Exercise objective: Produce a word-for-word copy of the listing below without its pictures.

Data provided:
== Segment start ==

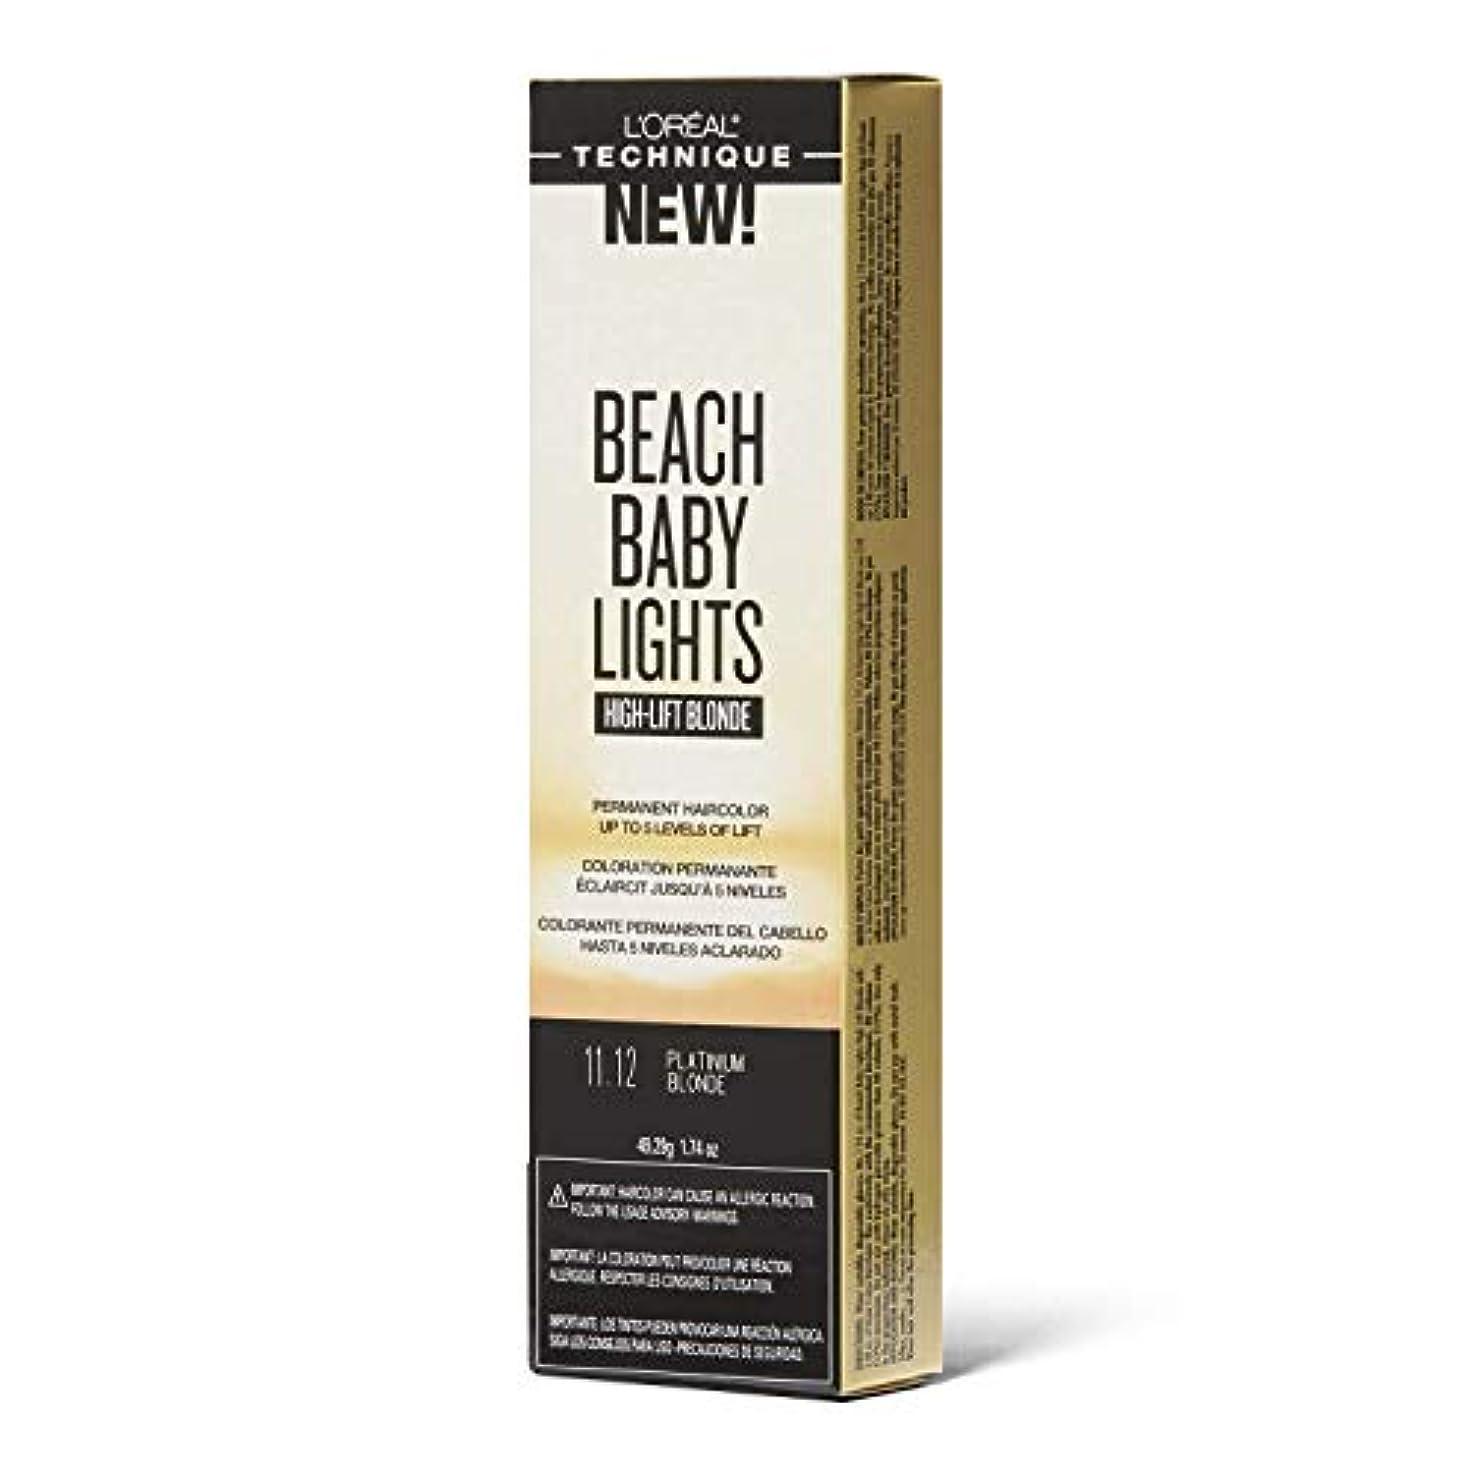 不機嫌強います流出L'Oreal Paris L'Orealのビーチ赤ちゃんライトハイリフトプラチナブロンド11.12プラチナブロンド
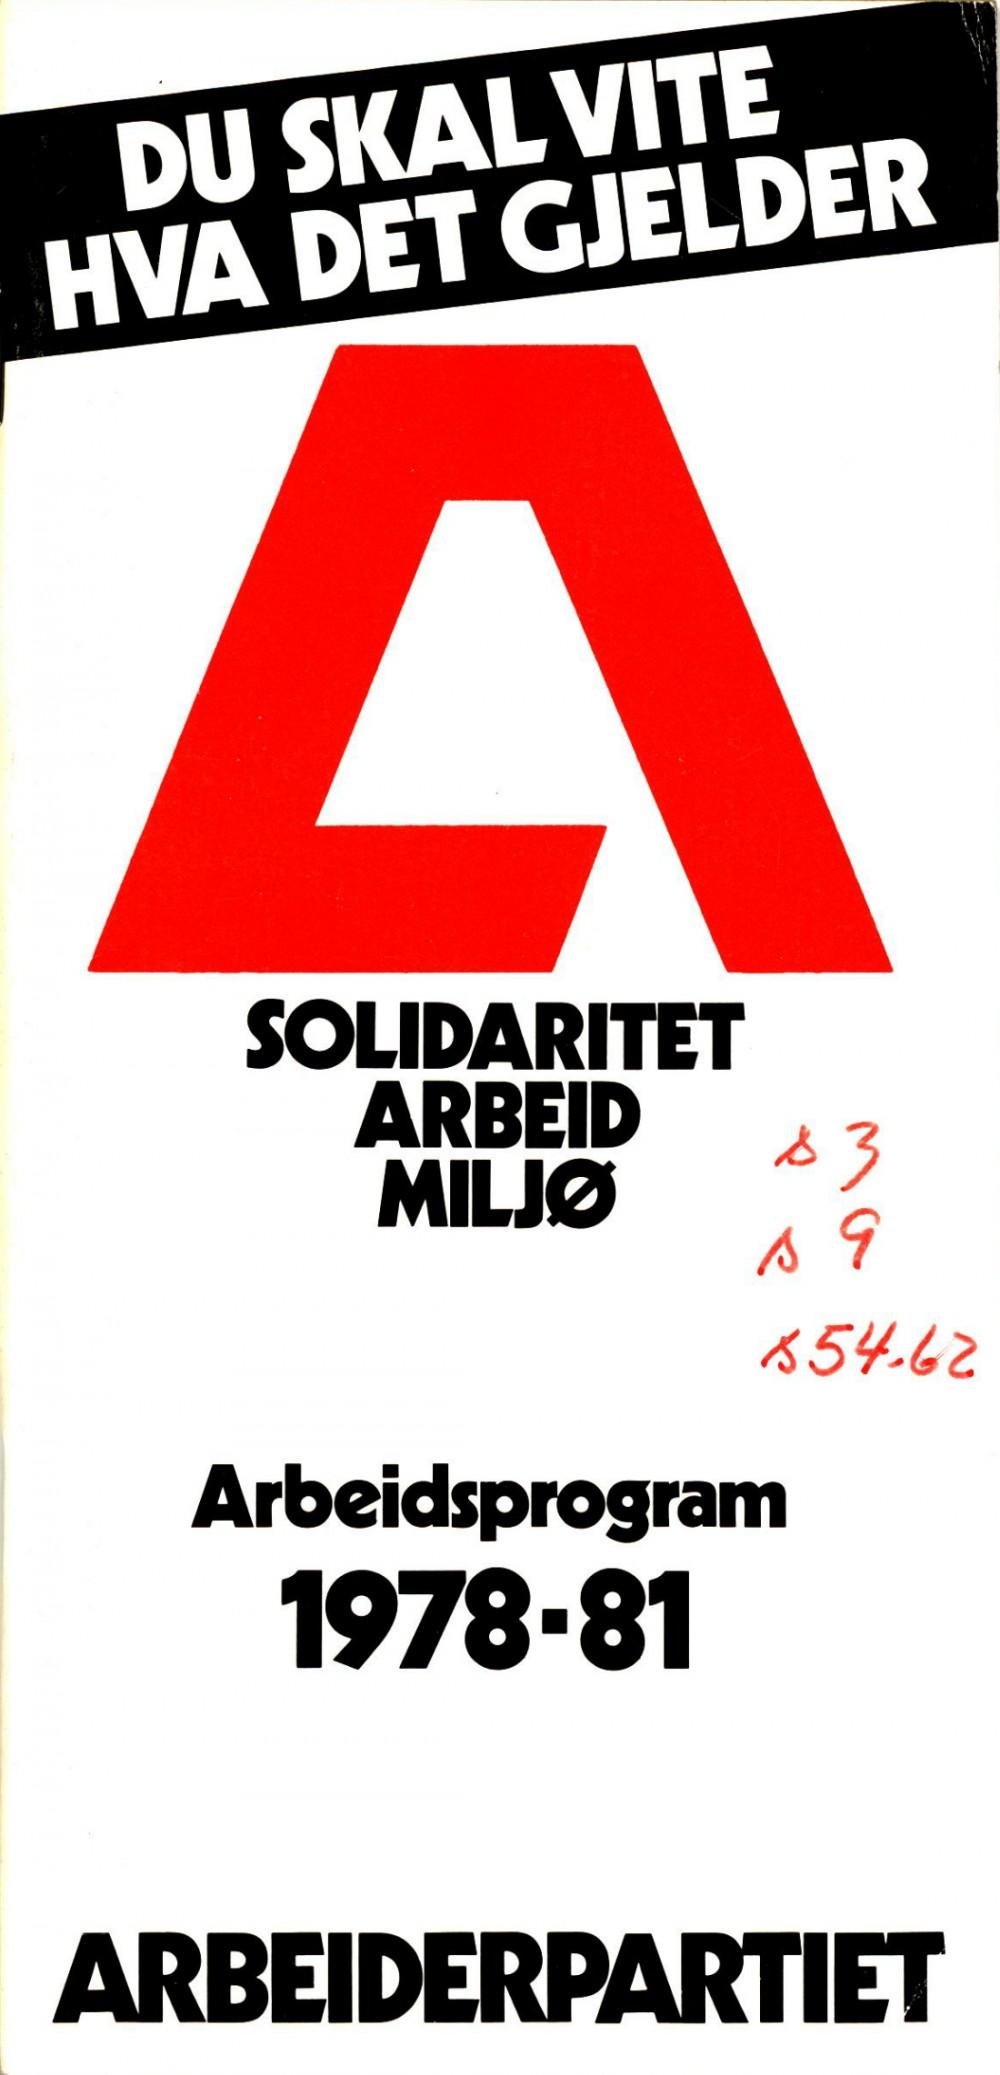 Du skal vite hva det gjelder - Arbeiderpartiets arbeidsprogram 1978-81
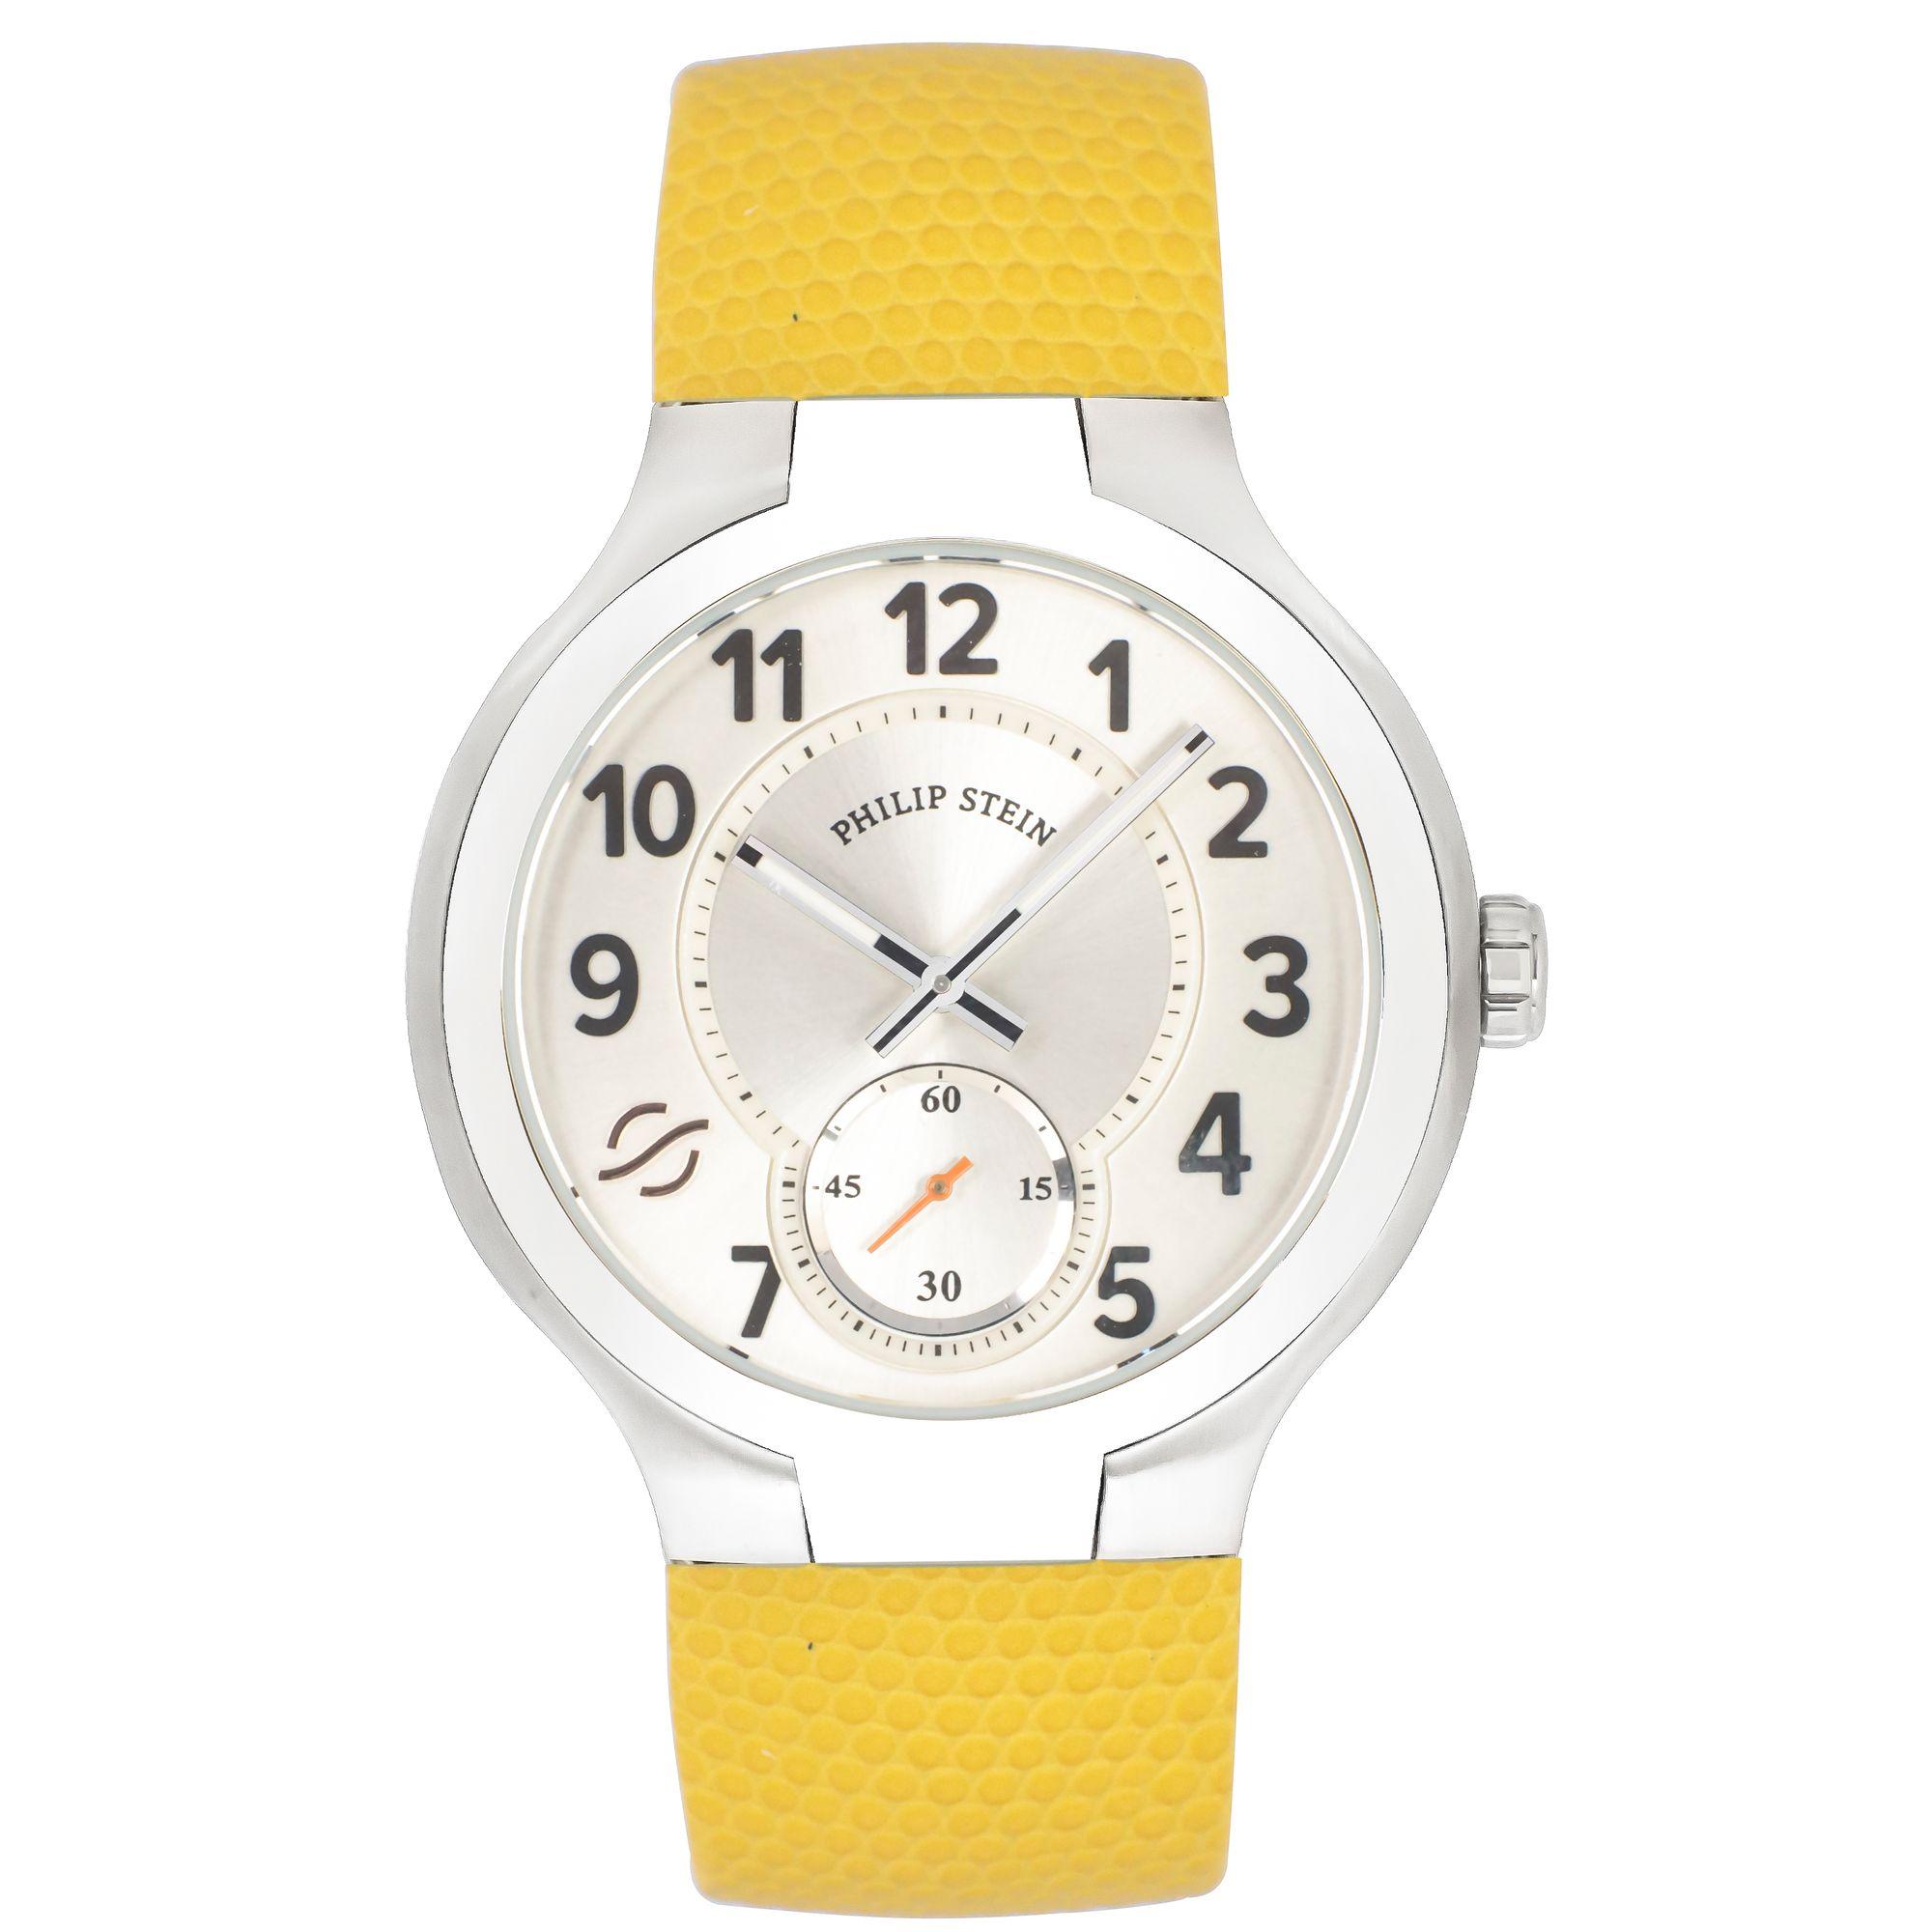 Philip Stein Classic Quartz Men's Watch

== Segment end ==

Written solution:
 不機嫌強います流出L'Oreal Paris L'Orealのビーチ赤ちゃんライトハイリフトプラチナブロンド11.12プラチナブロンド
 Du skal vite hva det gjelder - Arbeiderpartiets arbeidsprogram 1978-81
 Philip Stein Classic Quartz Men's Watch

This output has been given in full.